▸ WHAT TO DO
Once you reach the line that holds "Maxi-Matic 3-in-1 Multifunction" in the listing below, output it and every line after it through the line that holds "Brian Urlacher Announcers", word for word.

▸ RECORDS PROVIDED
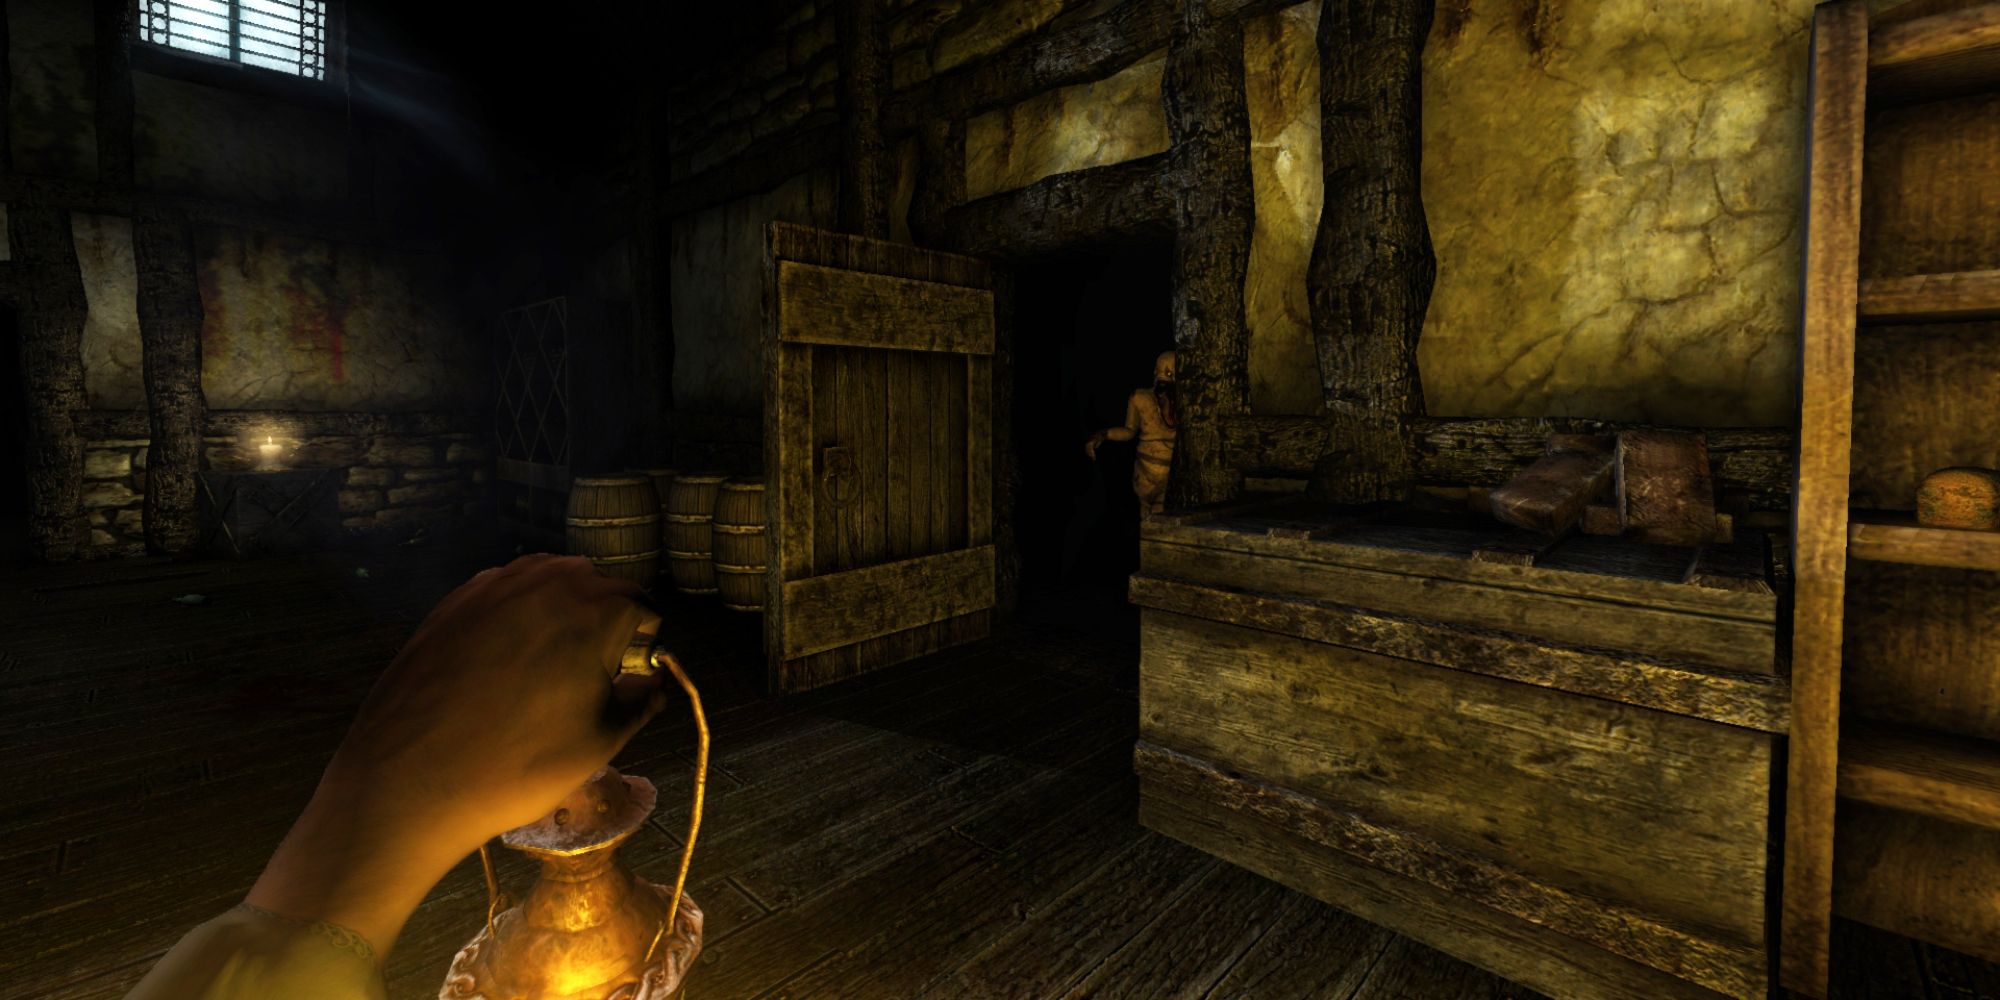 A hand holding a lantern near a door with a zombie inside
==
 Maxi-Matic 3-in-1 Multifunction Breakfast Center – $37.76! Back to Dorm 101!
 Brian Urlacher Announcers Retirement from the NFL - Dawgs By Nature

▸ ANSWER SPACE
 Maxi-Matic 3-in-1 Multifunction Breakfast Center – $37.76! Back to Dorm 101!
 Brian Urlacher Announcers Retirement from the NFL - Dawgs By Nature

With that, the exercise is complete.